Canadian-bred Thoroughbred racehorse

Fanfreluche (April 9, 1967 – July 29, 1999) was a Canadian-bred Champion Thoroughbred racehorse.

==Background==
Fanfreluche was a bay mare bred in Canada. She was named by her French-Canadian owner Jean-Louis Levesque for the title character of a popular children's television show on the French-language division of the Canadian Broadcasting Corporation.

==Racing career==
Successfully raced in Canada as a two-year-old, at age three Fanfreluche's performances in both Canada and the United States earned her the Sovereign Award for Canadian Horse of the Year. Fanfreluche was voted American Champion Three-Year-Old Filly in 1970 by the Thoroughbred Racing Association. Office Queen won the rival Daily Racing Form poll in the last year that champions were voted on separately.

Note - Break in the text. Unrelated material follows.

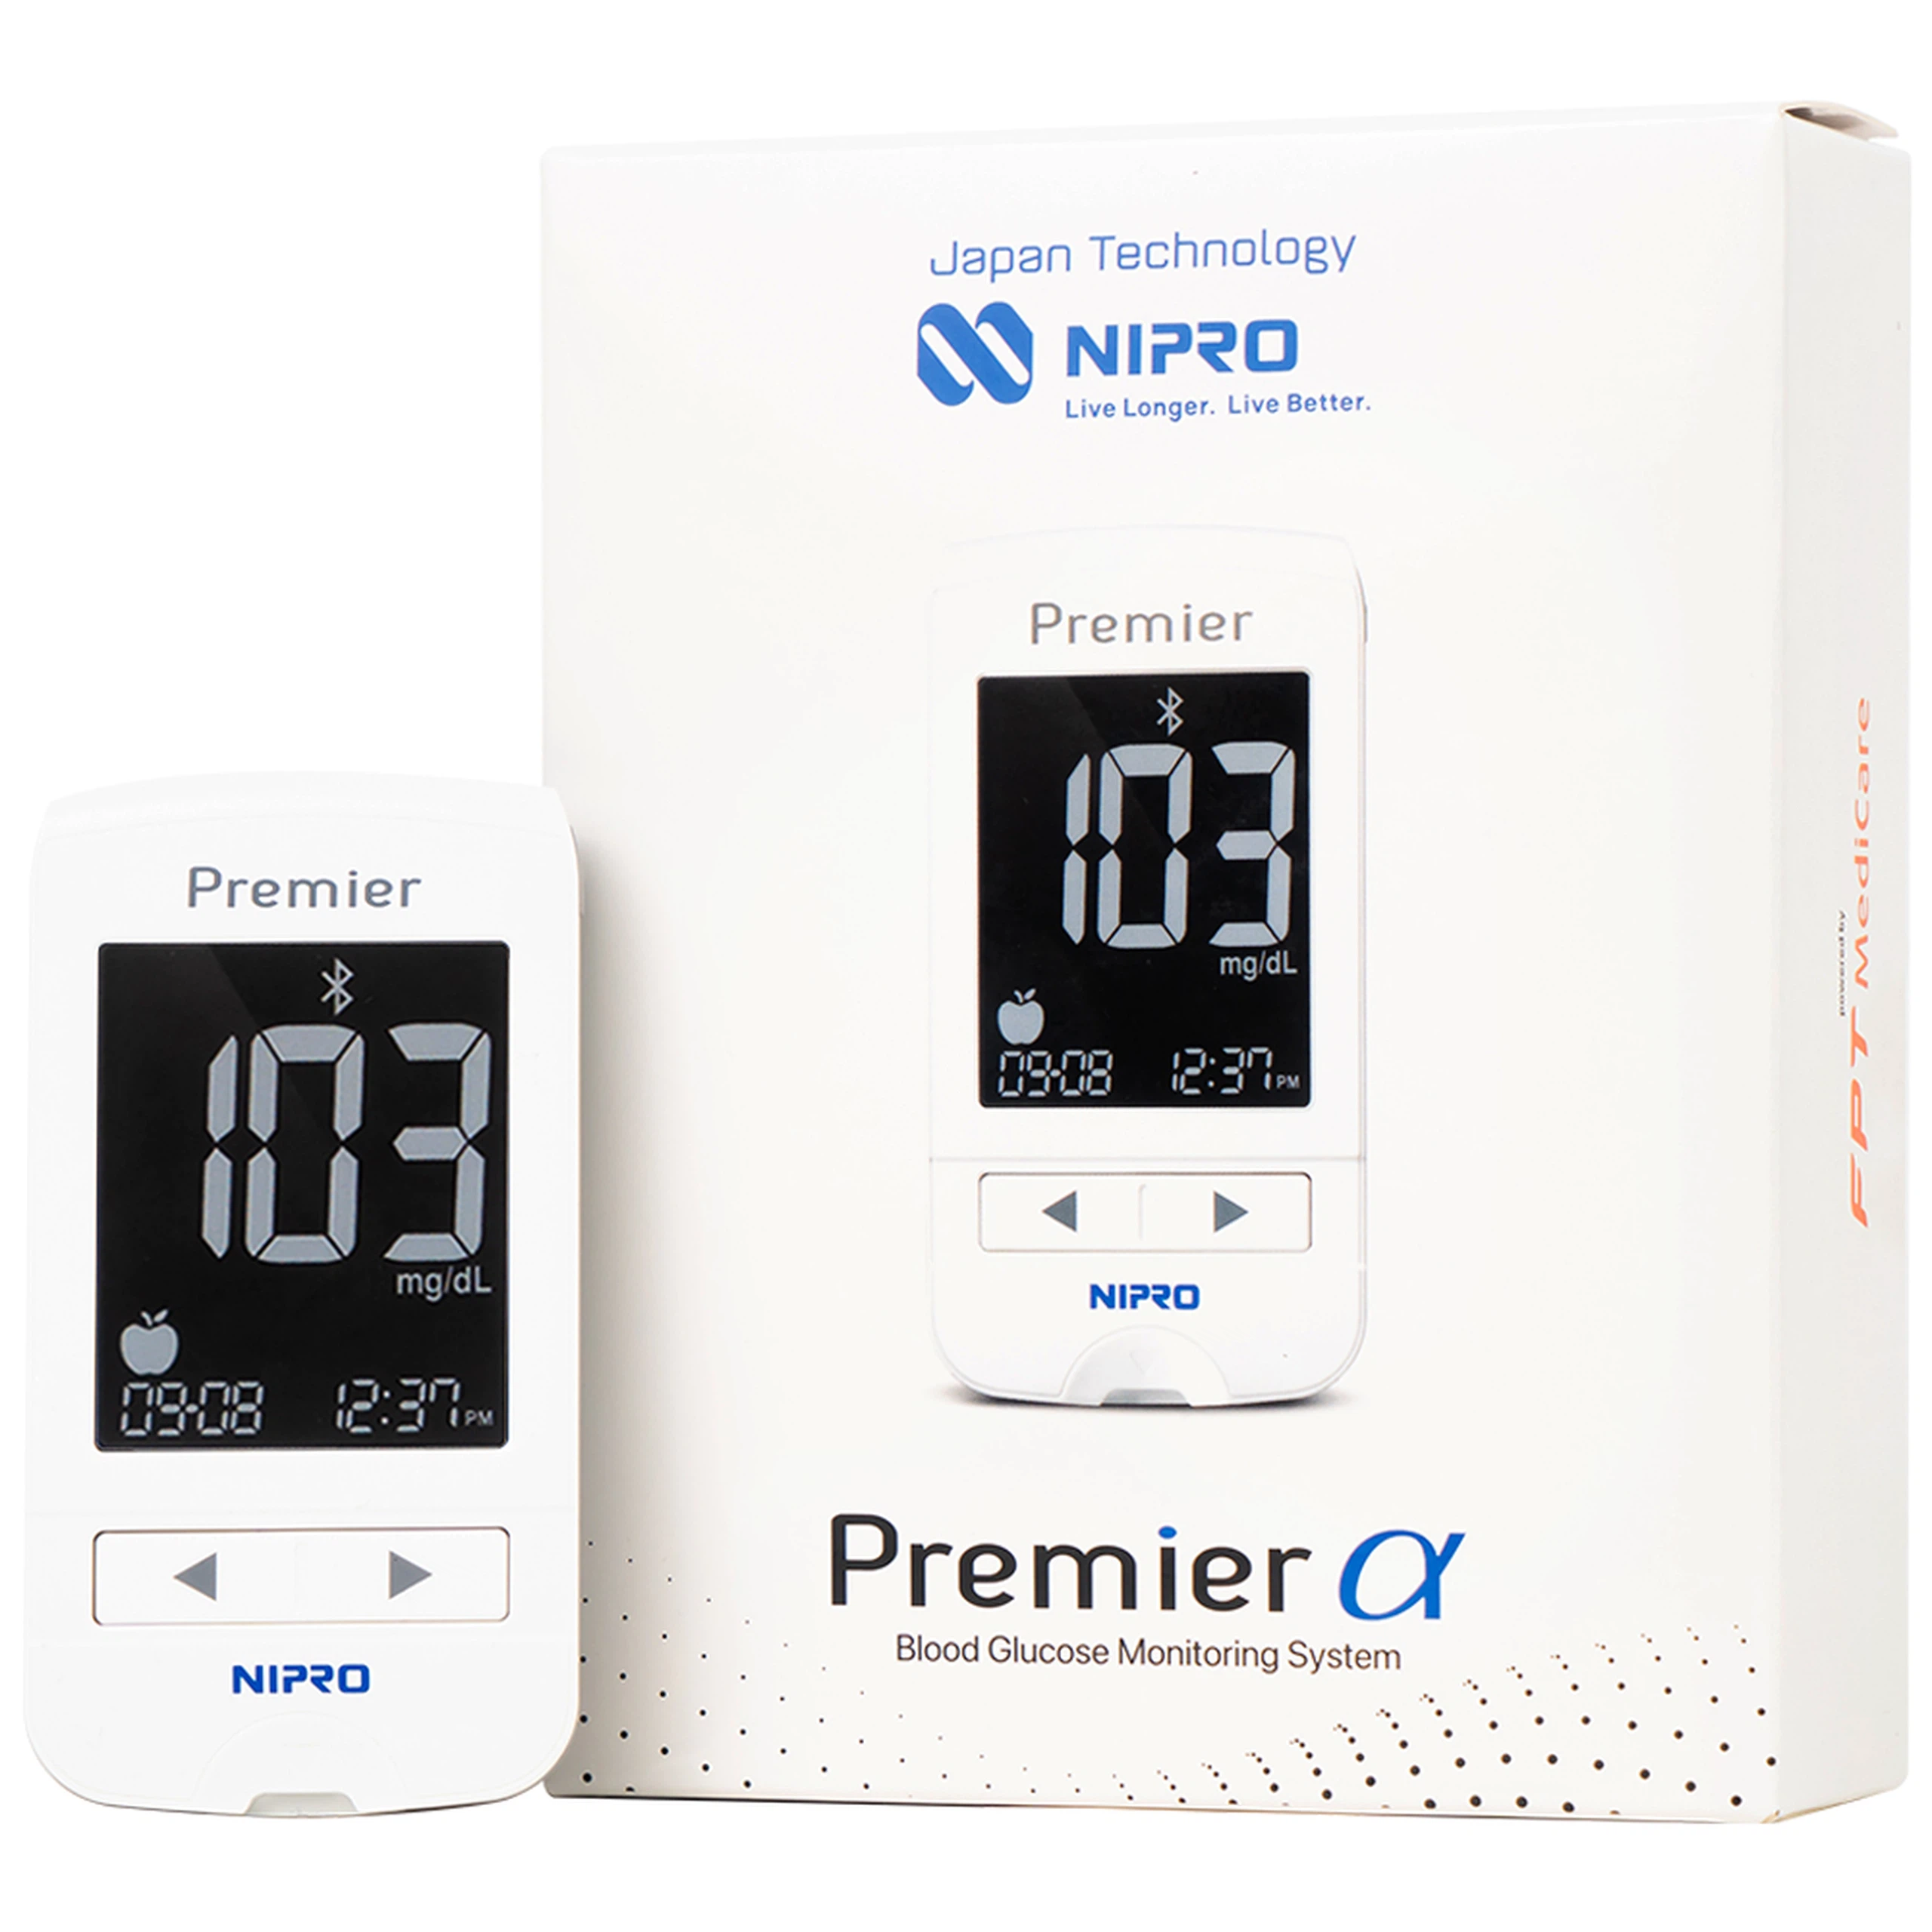 Máy đo đường huyết Nipro Premier Alpha giúp đo đường huyết một cách an toàn, nhanh chóng, chính xác
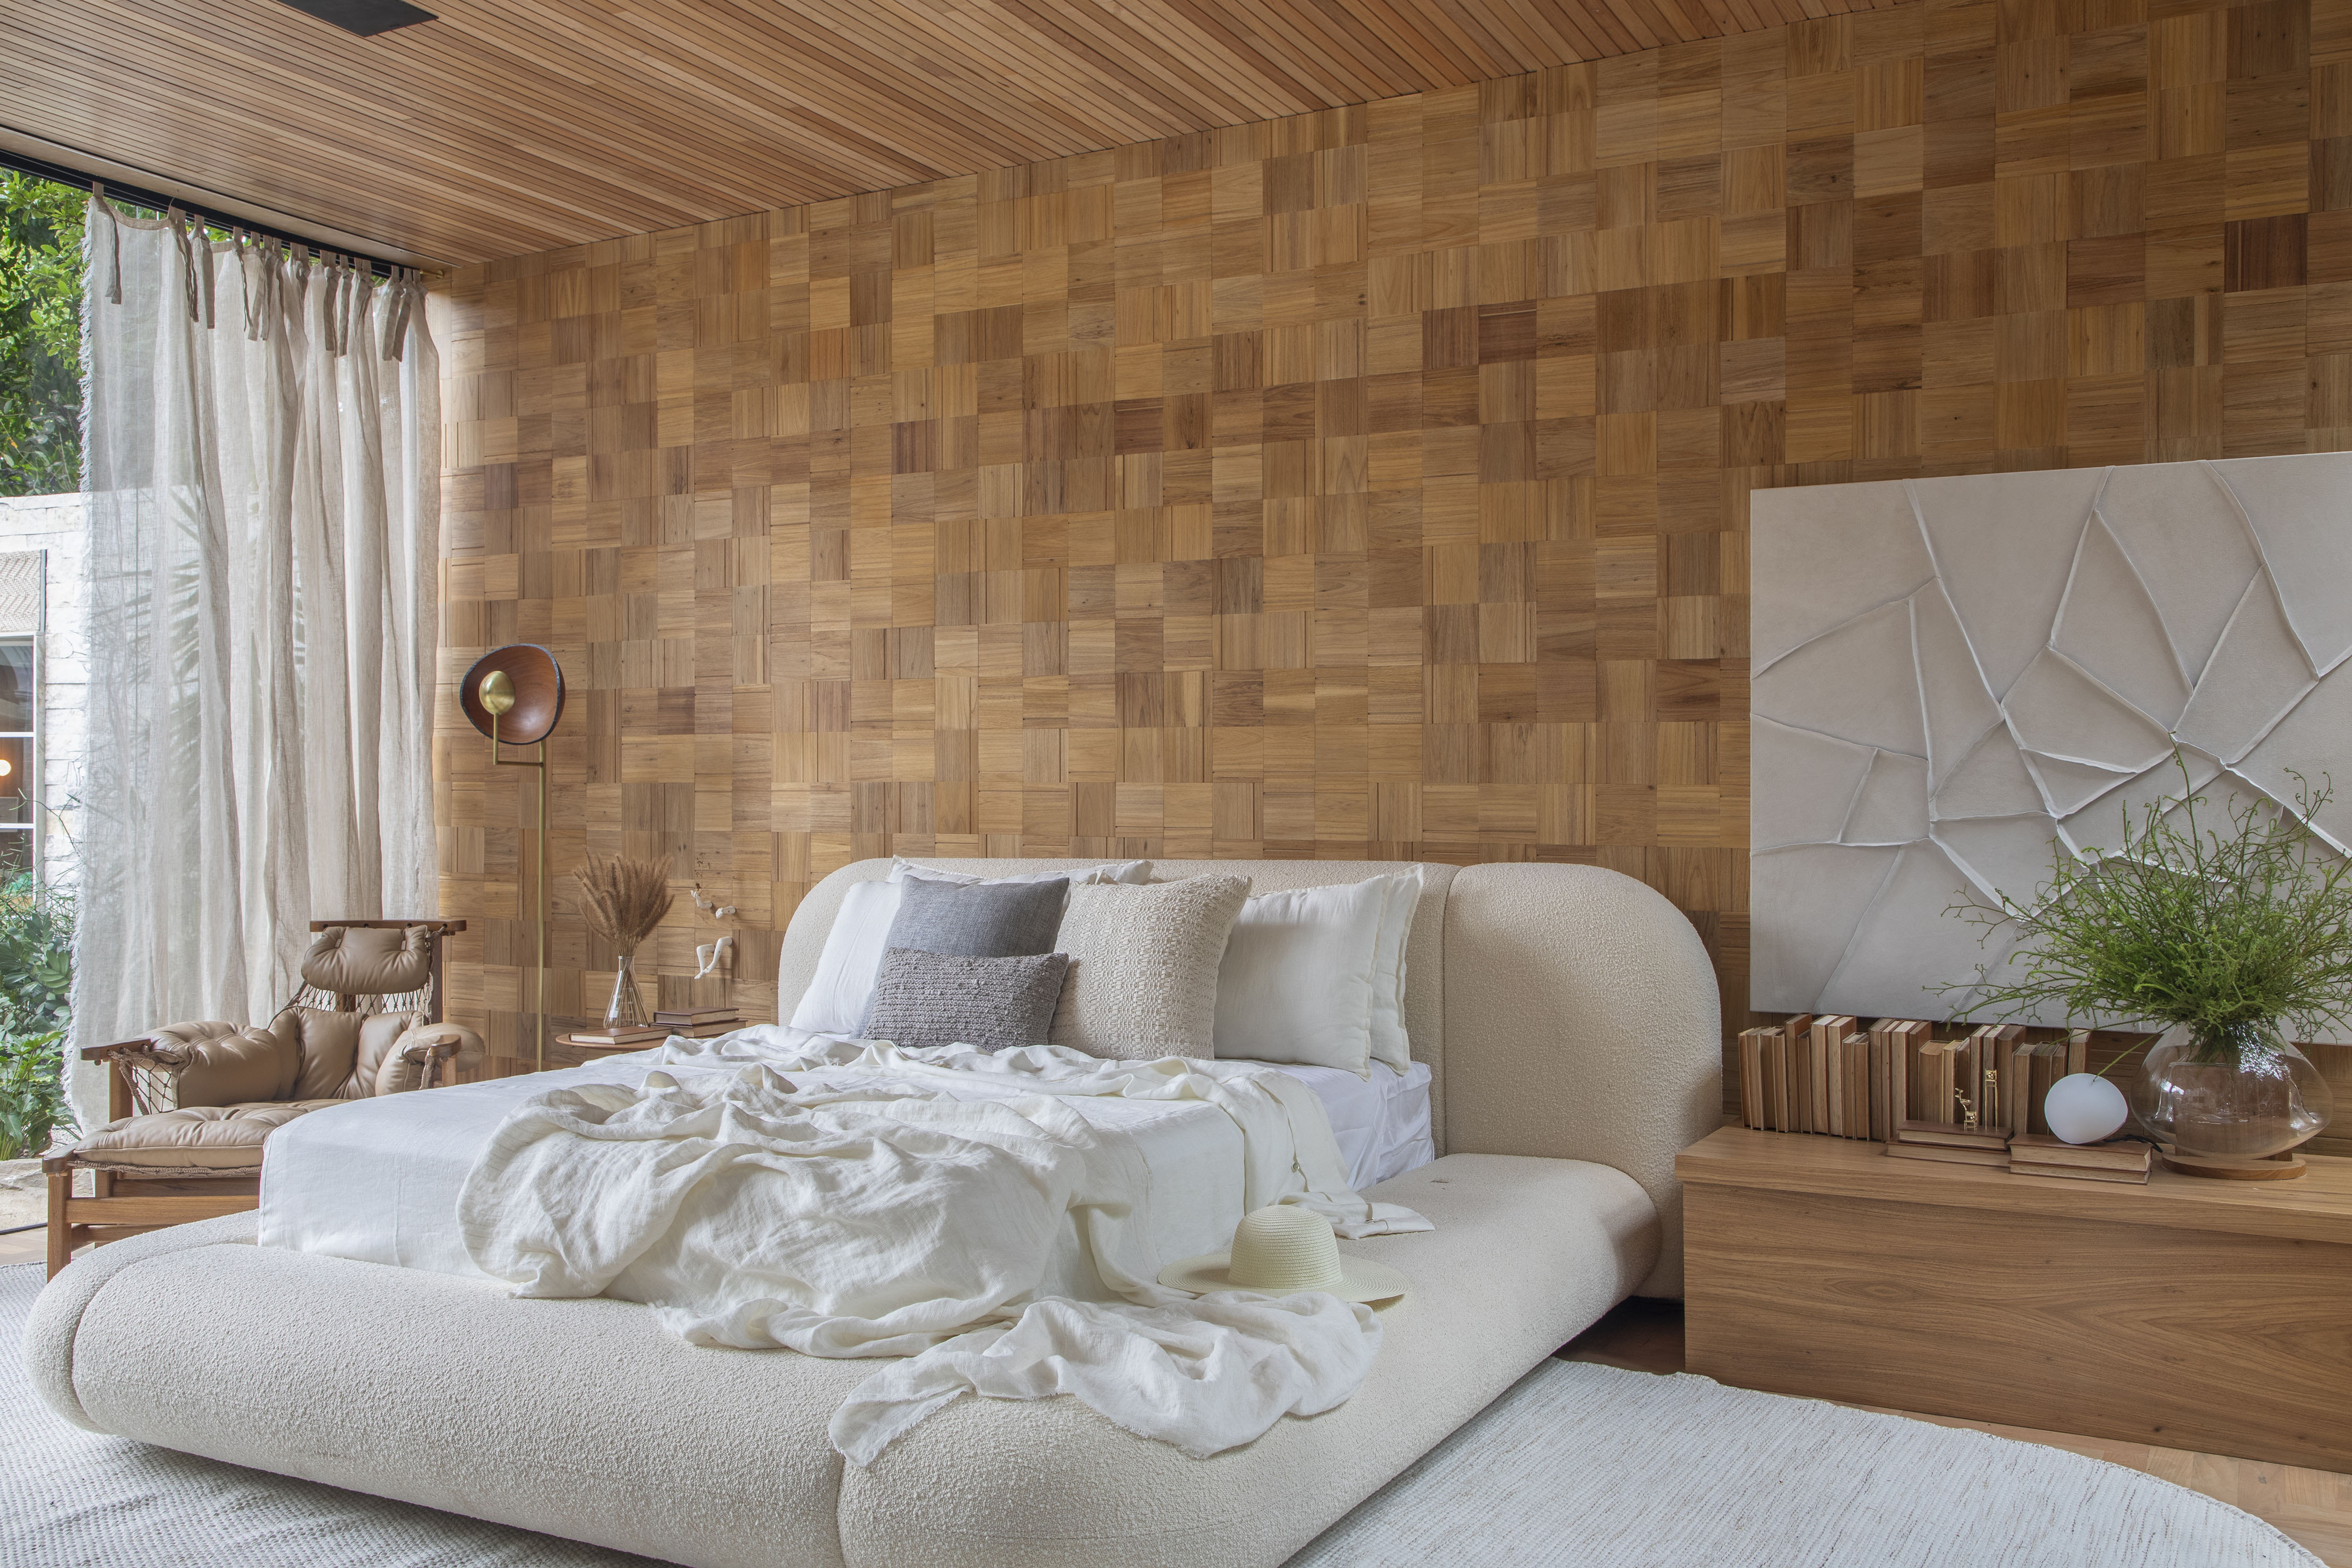 Refúgio do Lago - ambiente de Leila Dionizios. Na foto, quarto com cama de casal, parede de madeira e poltrona jangada.

In 1981 Fanfreluche was inducted into the Canadian Horse Racing Hall of Fame.

==Breeding record==
At the end of her three-year-old racing season, Fanfreluche was sold as a broodmare prospect to prominent American horseman Bertram R. Firestone for a then world-record price of $1.3 million. Bred to notable stallion Buckpasser, in 1972 she produced the two-time Canadian Horse of the Year and Hall of Fame inductee L'Enjoleur. She also produced two other champions, La Voyageuse and Medaille d'Or. She has numerous stakes-winning descendants worldwide, including Encosta de Lago and Holy Roman Emperor.

==Kidnapping==
On June 25, 1977, while in foal to Secretariat, Fanfreluche was abducted from Claiborne Farm near Paris, Kentucky. In December, five months after her disappearance, the FBI located her 158 miles south near the small town of Tompkinsville, not far from the Tennessee border. Fanfreluche was being kept by a family who said they had found her wandering along the country road. Returned safely to Claiborne Farm, in the spring of 1978 Fanfreluche gave birth to her foal, a colt given the French language name "Sain Et Sauf", which in English translates as Safe And Sound.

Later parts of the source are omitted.